11 October 2022

Intervals go ISO-8601 #JoelKallmanDay

Another year, and it's time to write an entry for the #JoelKallmanDay.

My recent discovery in Oracle Database 21c, the innovation release, is how intervals can also be in ISO-8601 format.
The ISO-8601 format is an international standard for describing Date and Time formats in data exchanges.
There are two flavors of interval in the Oracle Database, "Day to Second" and "Year to Month" and there are specialized functions to convert strings in a certain format to an interval.
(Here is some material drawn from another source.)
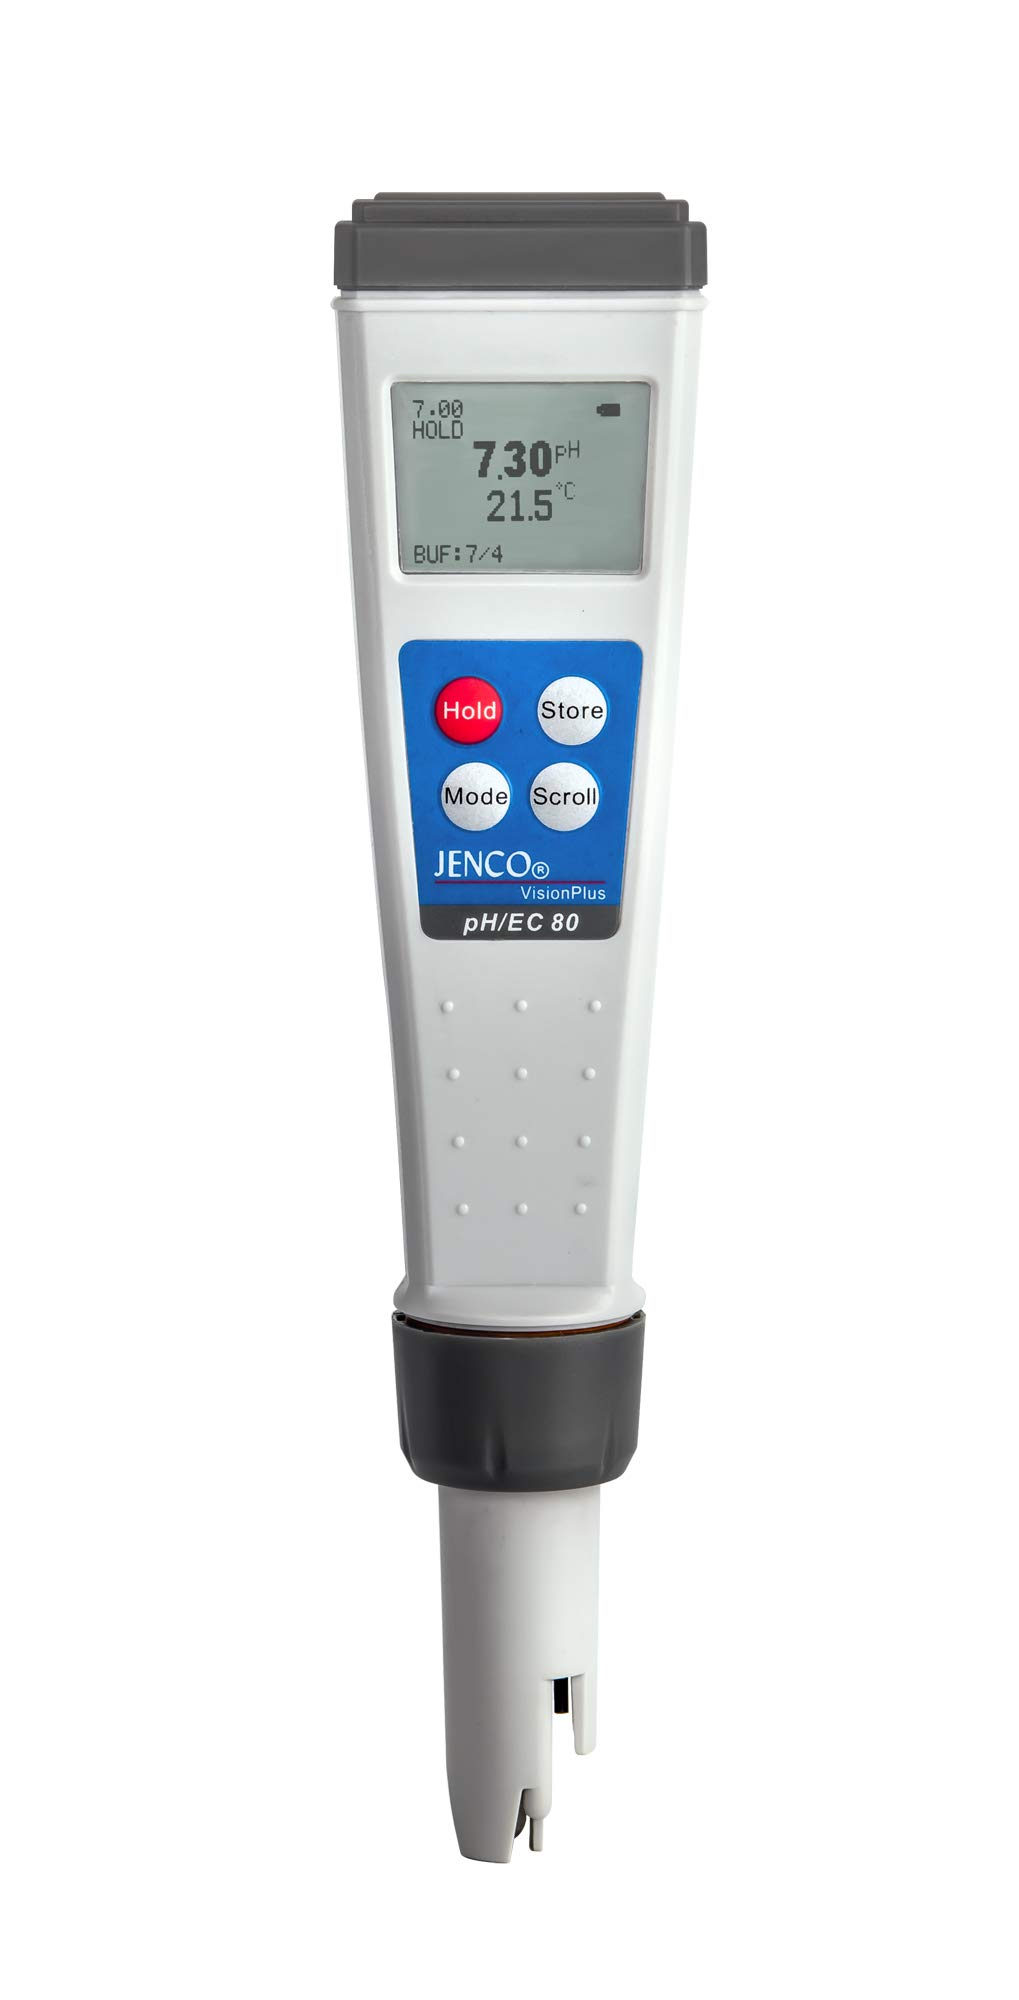 JENCO Vision Plus Series pH/EC80 Premium Waterproof Meter - (Conductivity) /TDS (ppm) /Salinity (PPT) /Temp. Multi-Parameter Pocket Tester Kit. Great for Hydroponic Growers, Pools & Spas, & Aquariums

The following example creates a "Day to Second" interval of 4 days, 3 hours, 25 minutes and 42 seconds:

SQL> select to_dsinterval ('4 3:25:42')
  2    from dual
  3* /

TO_DSINTERVAL('43:2
-------------------
+04 03:25:42.000000
Feeding this "Day to Second" interval into a JSON_SCALAR function will return the ISO-8601 standard for this interval:
SQL> select json_scalar (to_dsinterval ('4 3:25:42'))
  2    from dual
  3* /

JSON_SCALAR(TO_DSINTERVAL('43:25:42'))                                   
-------------------------------------------------------------------------
"P4DT3H25M42S" 
The reverse is also true, it is possible to feed an ISO-8601 interval into the TO_DSINTERVAL function and get an Oracle interval returned:
SQL> select to_dsinterval ('P7DT4H12M53S')
  2    from dual
  3* /

TO_DSINTERVAL('P7DT
-------------------
+07 04:12:53.000000
This works the same for "Year to Day" intervals.